• Problem description: Since the listing below shows pictures, leave them out and write out exactly the lines from the line with "Fila Disruptor II" to the line with "Laptop, Sunglasses &", both included, and no others.

• Material shown:
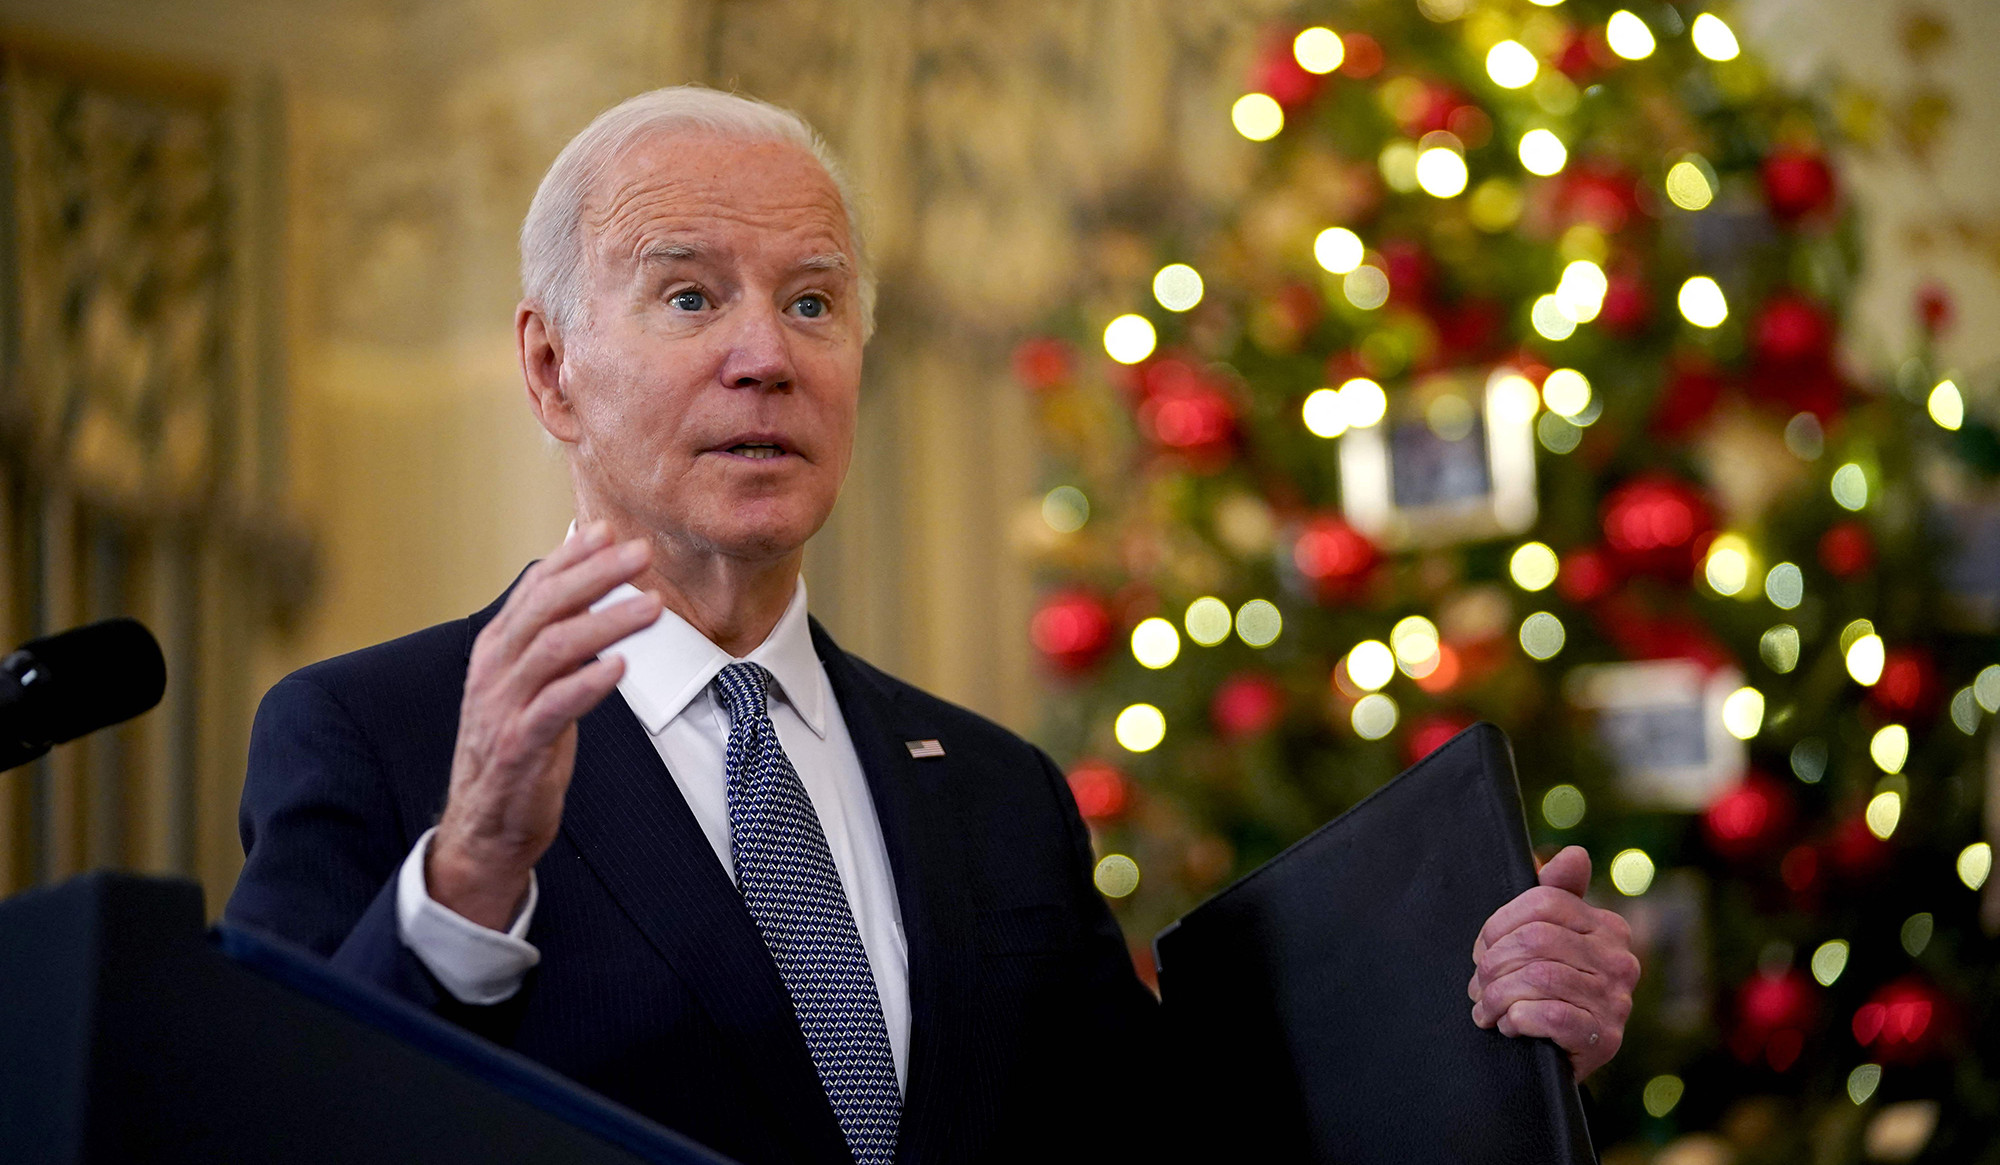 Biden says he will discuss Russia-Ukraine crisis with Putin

---

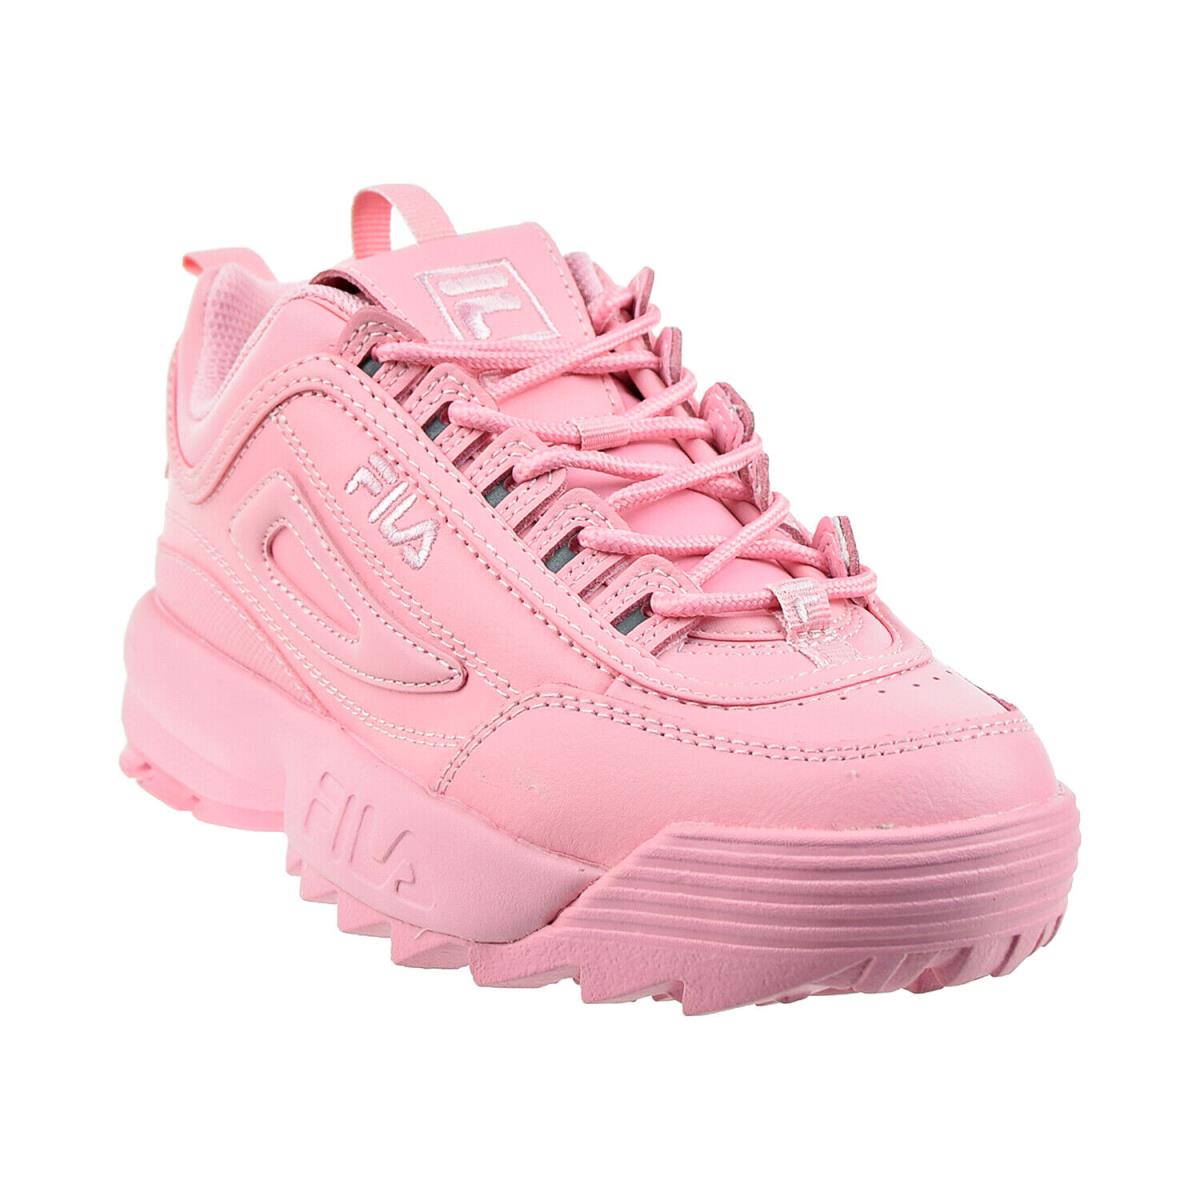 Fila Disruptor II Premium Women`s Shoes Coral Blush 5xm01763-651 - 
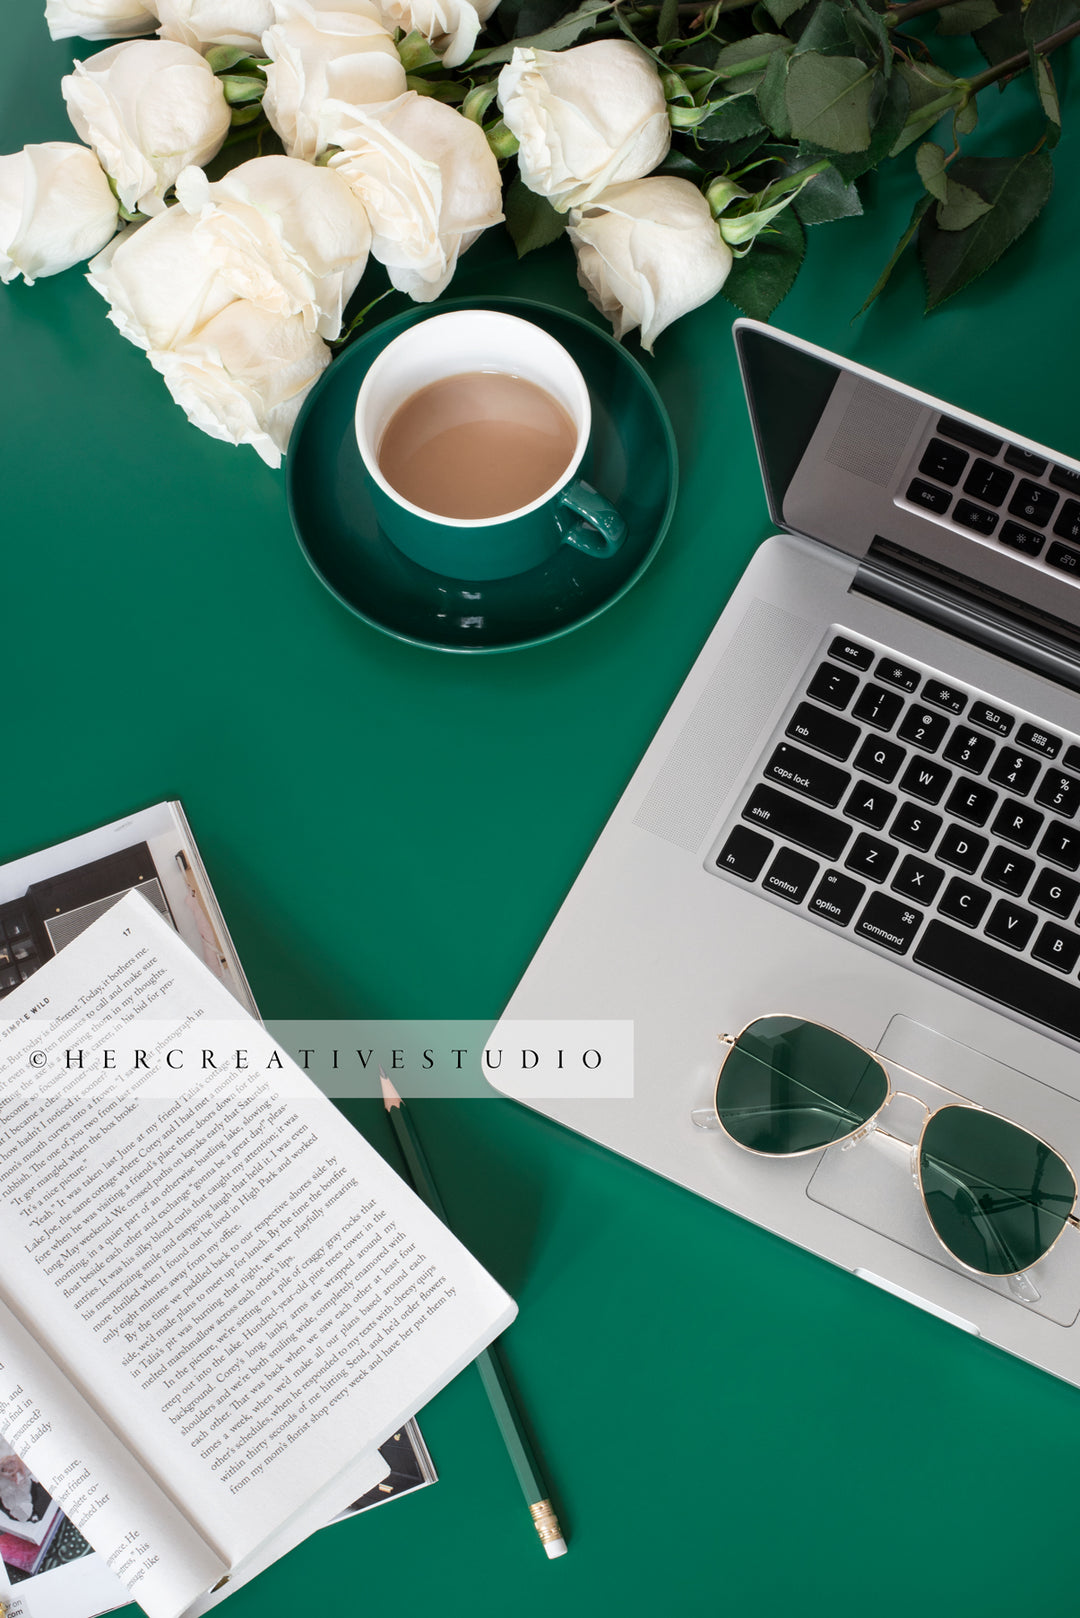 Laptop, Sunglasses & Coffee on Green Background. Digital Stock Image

* * *

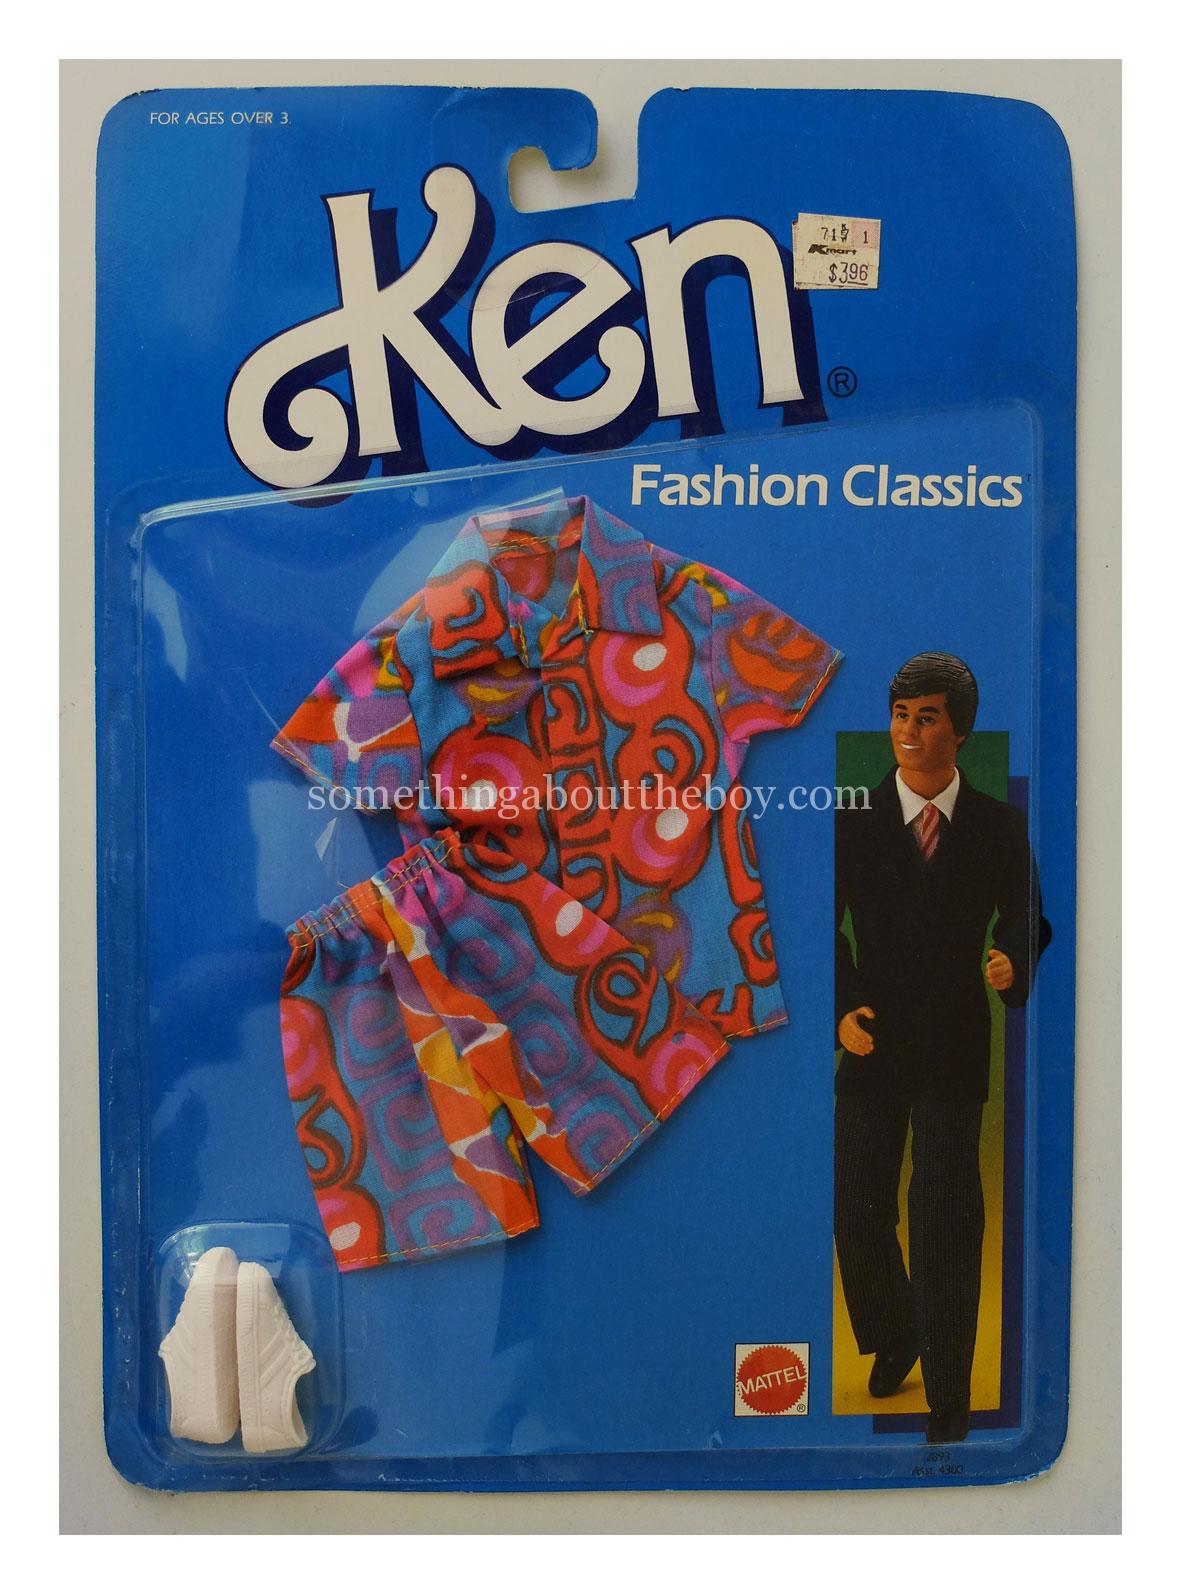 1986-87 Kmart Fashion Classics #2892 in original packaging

• Exercise result:
 Fila Disruptor II Premium Women`s Shoes Coral Blush 5xm01763-651 - 
 Laptop, Sunglasses & Coffee on Green Background. Digital Stock Image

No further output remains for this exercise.